With only days left until voters decide who will be the next Governor of Florida Scott and Crist are in a tight race. The latest poll by the Quinnipiac Polling Institute shows the race is tied for the current and former governor. Peter Brown, assistant director of the polling institute, says every single vote counts.
“The race to be Florida’s next Governor is a dead heat. 42 percent for Rick Scott. 42 percent for Charlie Crist, and seven-percent for Adrian Wyllie. It can’t get any closer.”

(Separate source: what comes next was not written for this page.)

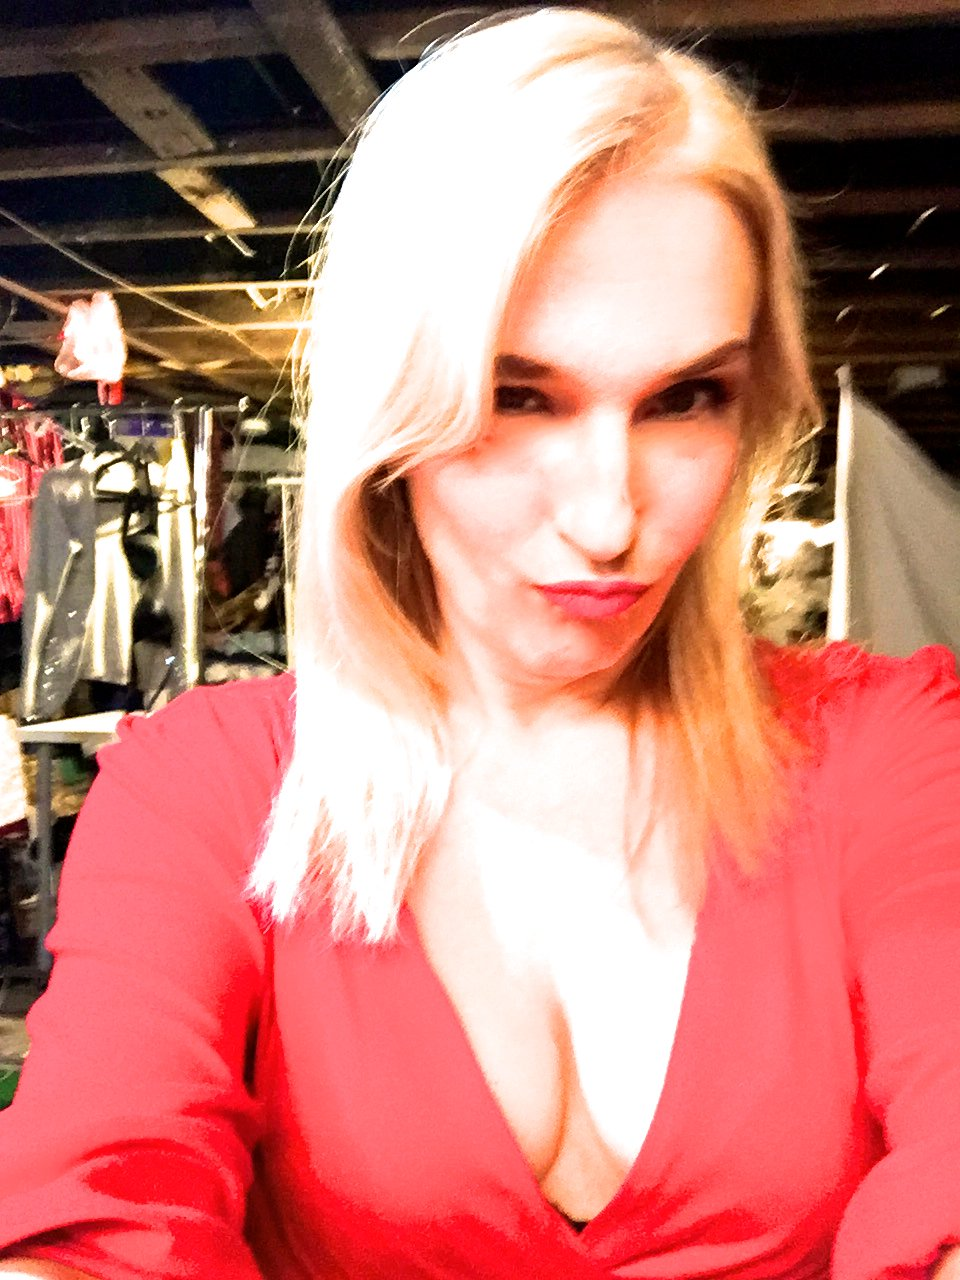 Cleavage Anne-Marie nude (27 photos), Tits, Fappening, Selfie, braless 2019

The tightness of the race was highlighted in the third and final gubernatorial debate where attacks got personal. Crist backed Scott into a corner, forcing the current Governor to answer questions on why he delayed an execution for Attorney General Pam Bondi.
Crist: Did the Attorney General ask you to delay the execution so she could go forward with a political fundraiser?
Scott: She asked me to delay it because it didn’t work on the dates she thought it was going to be on.”
Bondi made the delay request to Scott because the execution of an inmate conflicted with a political fundraiser. Scott doubled down and targeted Crist for his support of lifting a travel ban to Cuba—an issue important to the state’s Cuban American population.
“The only thing that’s changed with regard to the Castro brother’s is Charlie’s position. They’re terrorists. There’s no democracy there, there are human rights violations," Scott said.
Libertarian candidate Adrian Wyllie debated alone and answered the questions through a simulcast on youtube. Wyllie has fought to be taken seriously in the 2014 gubernatorial race, and despite being excluded from most debates and voter guides, he’s polling between seven and 13 percent. Wyllie unveiled his first statewide ad last week promoting his candidacy.
The ad is simple, just Wyllie against a white background and his campaign slogan splayed in a corner. The most recent poll from Quinnipiac has Wyllie with seven-percent support. Down a few points. But Quinnipiac’s Brown says that’s normal.
“In most cases, third party candidates numbers tended to drop close to the election, although there are exceptions to that rule. This appears not to be one of those exceptions," he says. "In a race this close, a teeny bit could be all that matters.”
The poll says while most of the support for Scott and Crist is fixed—meaning voters who say they’re supporting those two aren’t switching—Wyllie’s support is more fluid. At the start of the campaign cycle, Wyllie was pulling support away from Crist. Now, Brown says, it’s a lot harder to tell which candidate the Wyllie Effect could hurt more.
“In a race this close, if it gets down to five or four percent who vote for Mr. Wyllie, that’s another point or two, that someone else, either Crist or Scott, is going to get.”
For his part, Wyllie is staying the course even as his support may be shrinking. And while he may not win the governors mansion, his presence in the race could be enough to sink the candidacy of either Scott or Crist.